*What the task asks*:
Draw out every line with the word "Carats" from the listing below.
==== Extracted data
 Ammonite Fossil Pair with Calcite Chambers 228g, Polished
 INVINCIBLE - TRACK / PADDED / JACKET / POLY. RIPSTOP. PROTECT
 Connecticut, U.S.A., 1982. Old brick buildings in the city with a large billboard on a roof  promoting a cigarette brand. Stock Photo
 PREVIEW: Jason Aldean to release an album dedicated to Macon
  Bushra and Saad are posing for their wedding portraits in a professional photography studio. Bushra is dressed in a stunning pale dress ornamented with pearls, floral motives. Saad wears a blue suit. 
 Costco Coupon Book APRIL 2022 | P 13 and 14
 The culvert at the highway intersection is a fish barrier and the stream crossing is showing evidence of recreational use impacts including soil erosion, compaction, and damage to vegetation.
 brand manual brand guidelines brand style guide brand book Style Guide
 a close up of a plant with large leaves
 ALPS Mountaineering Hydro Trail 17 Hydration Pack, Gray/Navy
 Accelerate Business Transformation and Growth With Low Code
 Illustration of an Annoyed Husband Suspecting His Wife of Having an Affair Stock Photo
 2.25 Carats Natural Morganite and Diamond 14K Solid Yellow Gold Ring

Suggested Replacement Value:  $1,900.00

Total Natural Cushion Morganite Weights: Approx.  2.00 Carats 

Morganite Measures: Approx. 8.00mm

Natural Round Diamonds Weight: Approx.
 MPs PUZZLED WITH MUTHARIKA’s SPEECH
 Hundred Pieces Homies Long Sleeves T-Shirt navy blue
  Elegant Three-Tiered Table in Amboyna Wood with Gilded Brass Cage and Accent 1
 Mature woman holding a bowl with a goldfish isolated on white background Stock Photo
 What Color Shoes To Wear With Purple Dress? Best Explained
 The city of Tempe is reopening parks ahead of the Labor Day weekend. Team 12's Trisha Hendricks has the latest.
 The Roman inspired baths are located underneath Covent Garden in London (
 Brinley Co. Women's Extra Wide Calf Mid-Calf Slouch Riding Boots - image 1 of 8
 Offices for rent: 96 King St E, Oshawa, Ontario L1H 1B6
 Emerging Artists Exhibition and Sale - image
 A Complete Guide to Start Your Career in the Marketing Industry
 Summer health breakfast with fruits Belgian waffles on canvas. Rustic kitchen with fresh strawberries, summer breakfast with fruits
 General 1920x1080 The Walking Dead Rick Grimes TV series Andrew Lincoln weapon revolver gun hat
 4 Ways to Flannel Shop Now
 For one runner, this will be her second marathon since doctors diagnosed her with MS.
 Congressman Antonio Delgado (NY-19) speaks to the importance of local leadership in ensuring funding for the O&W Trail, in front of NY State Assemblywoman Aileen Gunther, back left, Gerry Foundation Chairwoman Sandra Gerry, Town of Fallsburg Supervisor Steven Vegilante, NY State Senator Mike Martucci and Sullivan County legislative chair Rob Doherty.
========
*The completed task*:
 2.25 Carats Natural Morganite and Diamond 14K Solid Yellow Gold Ring
Total Natural Cushion Morganite Weights: Approx.  2.00 Carats 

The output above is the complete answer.